Day by Day: Gardeners can ‘bee friendly’ with little effort
By LIZ THOMPSON
This Week News
April 23, 2018
Robert Frost’s “A Prayer in Spring” reads in part: “And make us happy in the happy bees / The swarm dilating round the perfect trees / And make us happy in the darting bird / That suddenly above the bees is heard.”
We know honeybees produce the sticky, sweet nectar that we spread on toast or pour into recipes. More than 4,000 species of bees are native to North America.
Some consider bees pests. Some unwittingly kill the good bugs and bees while using broad methods to kill true pests. It’s important to know the difference and how and why to prevent extinction of the tiny things that matter.
Birds & Blooms magazine calls all bees unsung heroes that work hard to keep our food web functioning: “One in every three bites of food we eat is courtesy of pollination, and 85 percent of flowering plants and trees rely on pollinators for survival.”
Todd Amacker wrote of the pollinator experience at Great Smoky Mountains National Park: “Honeybees alone contribute over $14 billion to the value of U.S. crop production. It turns out that bees need to collect both pollen and nectar in order to stay alive.
“To do this, they frequently visit a wide variety of crops that can include peas, beans, melons, berries and various other fruits. By visiting these crops, and spreading pollen in the process, it allows for plants to reproduce. In turn, the honeybees use pollen to help develop their growing larvae and nectar to turn it into honey.”
Like all living things, stress plays a role in their health.
“All bee species face similar stressors — poor nutrition due to a lack of flowers or monocropping (the practice of growing only one type of agricultural product in a large area of land, year after year), pesticide exposure, parasites and diseases,” said Phyllis Stiles, director of Bee City USA, a certification program that helps pollinator populations.
Reed Johnson, assistant professor in entomology at Ohio State University, pointed to a survey by the University of Maryland: “Beekeepers across the United States lost 33 percent of their honeybee colonies during the year spanning April 2016 to April 2017, according to the latest preliminary results of an annual nationwide survey. Rates of both winter loss and summer loss — and consequently, total annual losses — improved compared with last year.”
What can the home gardener do to help?
He or she can go natural and create a yard that welcomes bees and butterflies.
“Insecticides that kill pest insects are likely to kill bees, too,” Johnson said.
We can eliminate pesticides or use safer ones, such as Bacillus thuringiensis, or Bt. We also can choose plants from local nurseries that don’t treat seedlings with neonicotinoid pesticides, which kill all insects and bees by attacking the central nervous system.
Johnson said one easy tactic is to mow less frequently.
“Letting clovers and dandelions bloom is probably the easiest strategy for providing bees with food,” he said.

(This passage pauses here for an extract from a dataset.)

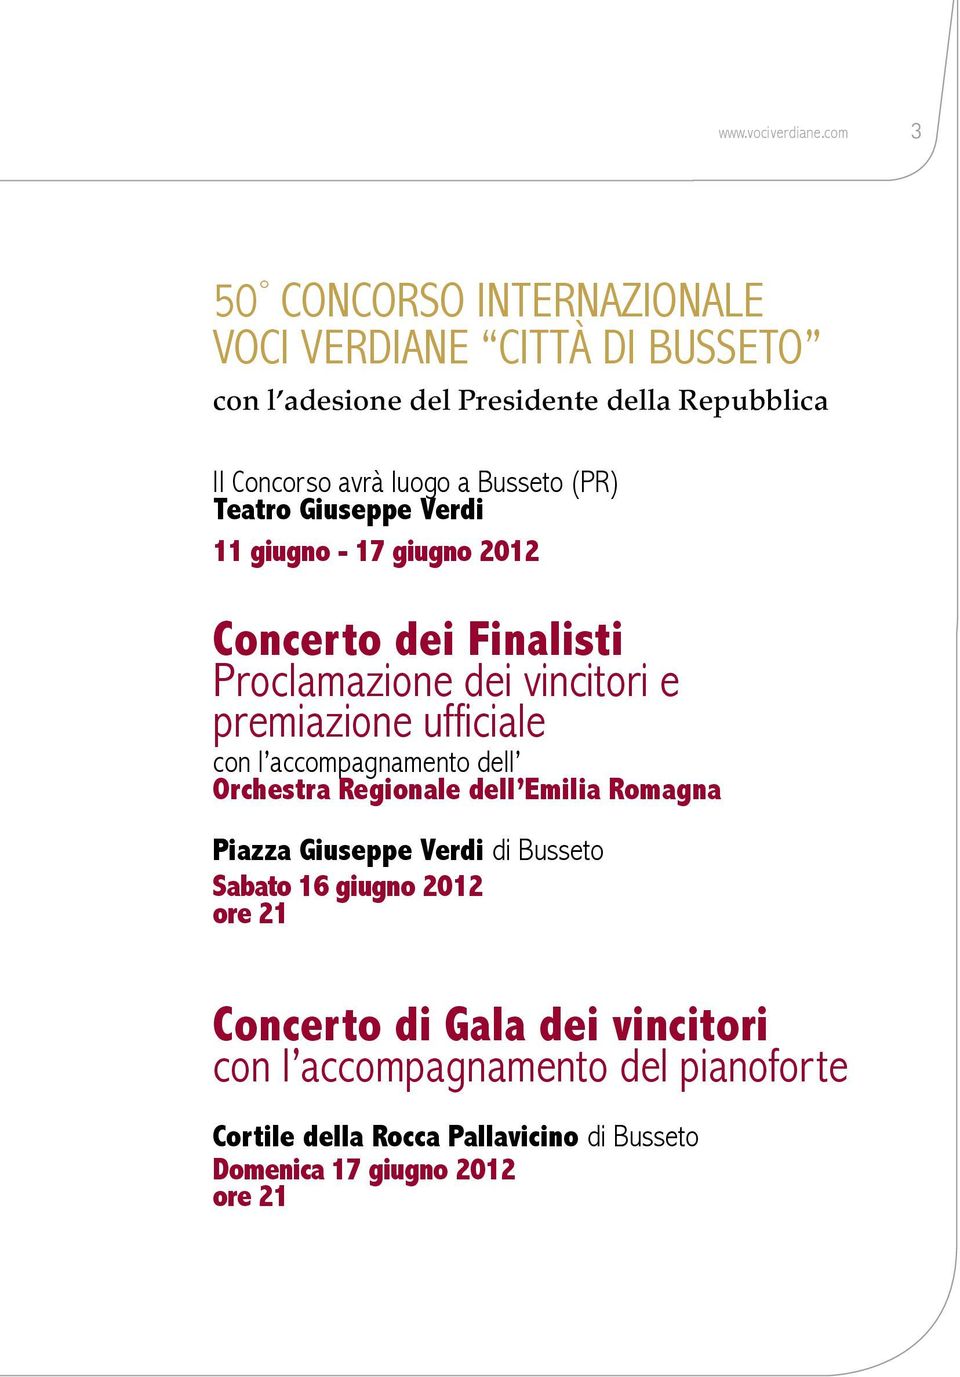 Busseto (PR) Teatro Giuseppe Verdi 11 giugno - 17 giugno 2012 Concerto dei Finalisti Proclamazione dei vincitori e premiazione ufficiale

Jerry Hinton of Hinton Apiaries in Grove City said heirloom plants, those that have not been altered to fit snugly into a garden, are more beneficial to pollinators.
“Ideally, one should plant so they will bloom at different times for a consistent food source,” he said. “Not all pollens are created equal. Bees target high-protein flowers. Ask garden experts at garden centers for the best flowers to plant for pollinators.”
Johnson said to read the label for warnings.
“It may be small print,” he said. “The EPA goes through intense scrutiny for approvals and the labels are required.”
Trees, shrubs, perennials, annuals and herbs make our yards pretty and useful to us and pollinators. Information is available at u.osu.edu/beelab/gardening-for-bees, including: “Go native, bee showy, bee bountiful, bee diverse, bee patient, bee gentle (they only sting as a defense), bee chemical-free, bee a little messy (they like wood to nest in), bee aware, bee friendly, bee sunny and bee homey.”
Sounds like good advice for more than gardening.